The testing rate is alarming considering there is evidence that community spread is widespread in some parts of the country and it is doubtful that current testing capacity would be sufficient to test and trace all suspects. Tracing is also made difficult due to the backlash from the prolonged economic shutdown necessitated by the pandemic. Nigeria is country with poor economic indices – a growth rate of 2.27% in 2019, down from a high of 6.22% in 2014, a GDP per capita of 2134.076 at 2018, down from a high of 3225.711 in 2014, unemployment and underemployment rates of 23.1% and 20.1% respectively and a poverty rate of 40.1%, and as such it would be difficult to sustain a prolonged shutdown affecting the livelihood of millions without risking mass protests.

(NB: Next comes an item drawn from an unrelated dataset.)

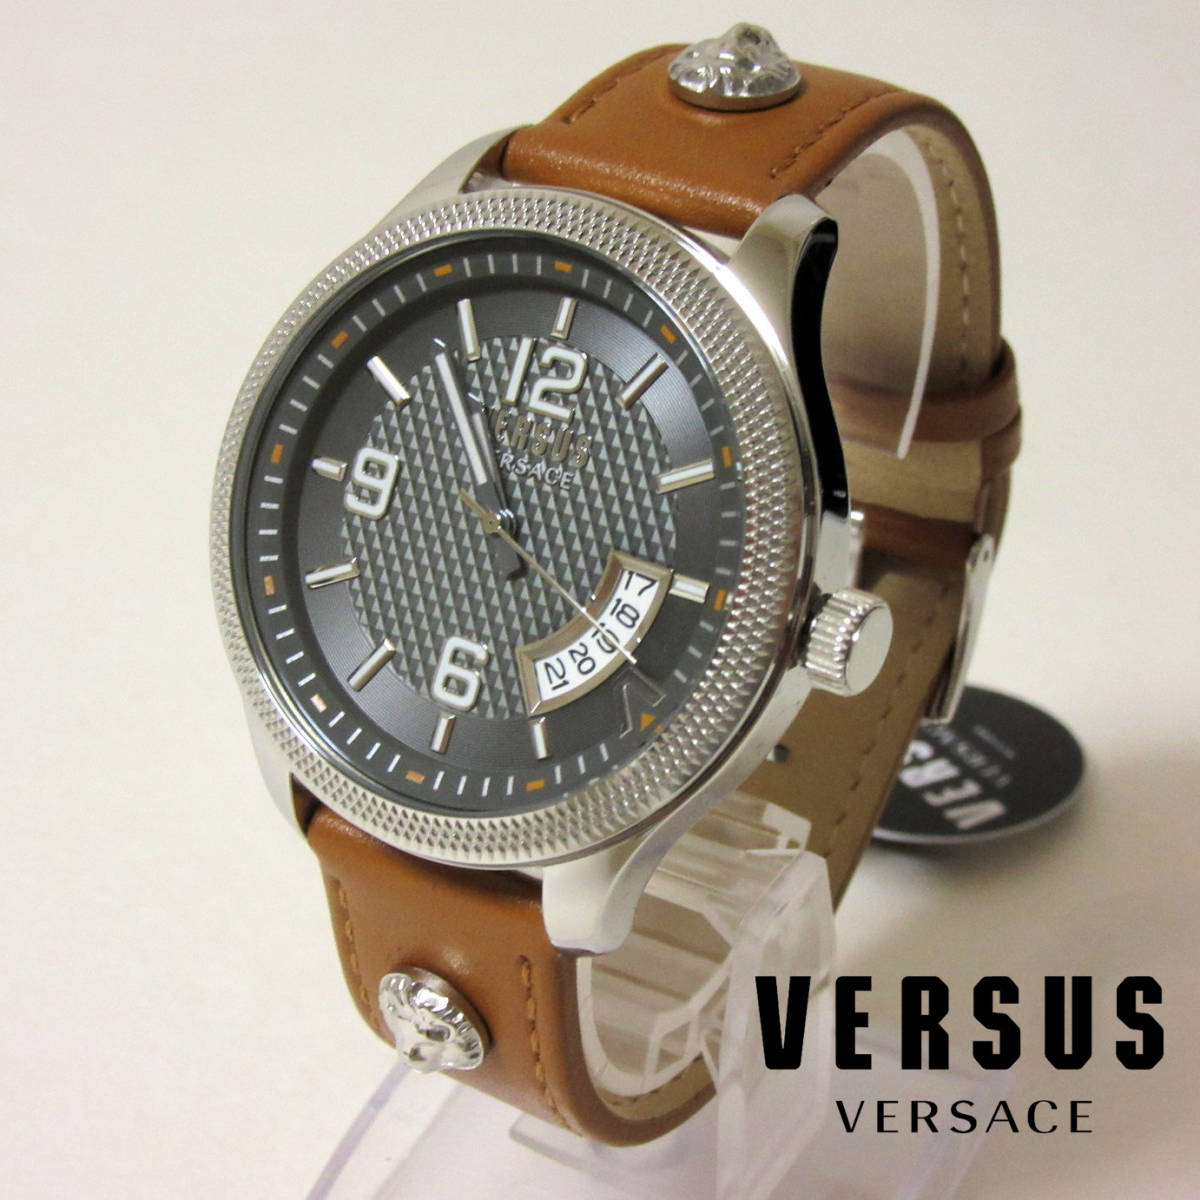 全新盒装 VERSUS VERSACE 3 指针日期扭索男士手表 手工皮革皮带 棕色 44 毫米, 品牌手表, 一条线, 范思哲

Given these realities, the best strategy that can be employed by NCDC is targeted testing approach that does not restrict the ability of most citizens of the country to carry out their functions while devolving and decentralizing COVID-19 management and contact tracing to the nearest Primary Healthcare Center (PHC). 

While capacity-building of PHC personnel is ongoing, it is pertinent that testing is ramped up, alternatively, symptomatic screening algorithm with moderate to high index of sensitivity for COVID-19 is utilized as the first line of management.

Symptomatic screening algorithm protocol would be feasible in Nigeria, however, it would require instituting a screening mechanism which most Nigerians would have access to. Options for this would include either a phone-in assessment, walk-in assessments at health facilities, an online assessment using the numerous COVID_19 applications. While the options listed are viable, they do present some challenges.  The use of GSM technology would be the best given Nigeria’s GSM penetration of 97.45% however, a call centre with the capacity to receive the numerous daily calls is currently lacking. The NCDC call centre is currently overwhelmed with calls, with citizens complaining of their inability to reach the NCDC despite calling numerous times. While COVID-19 apps are a good development, the number of citizens with internet access is limited. Finally, walk-in visits for screening without a triage mechanism might also overwhelm already fragile health systems given the poor doctor-patient and nurse-patient ratios in the country.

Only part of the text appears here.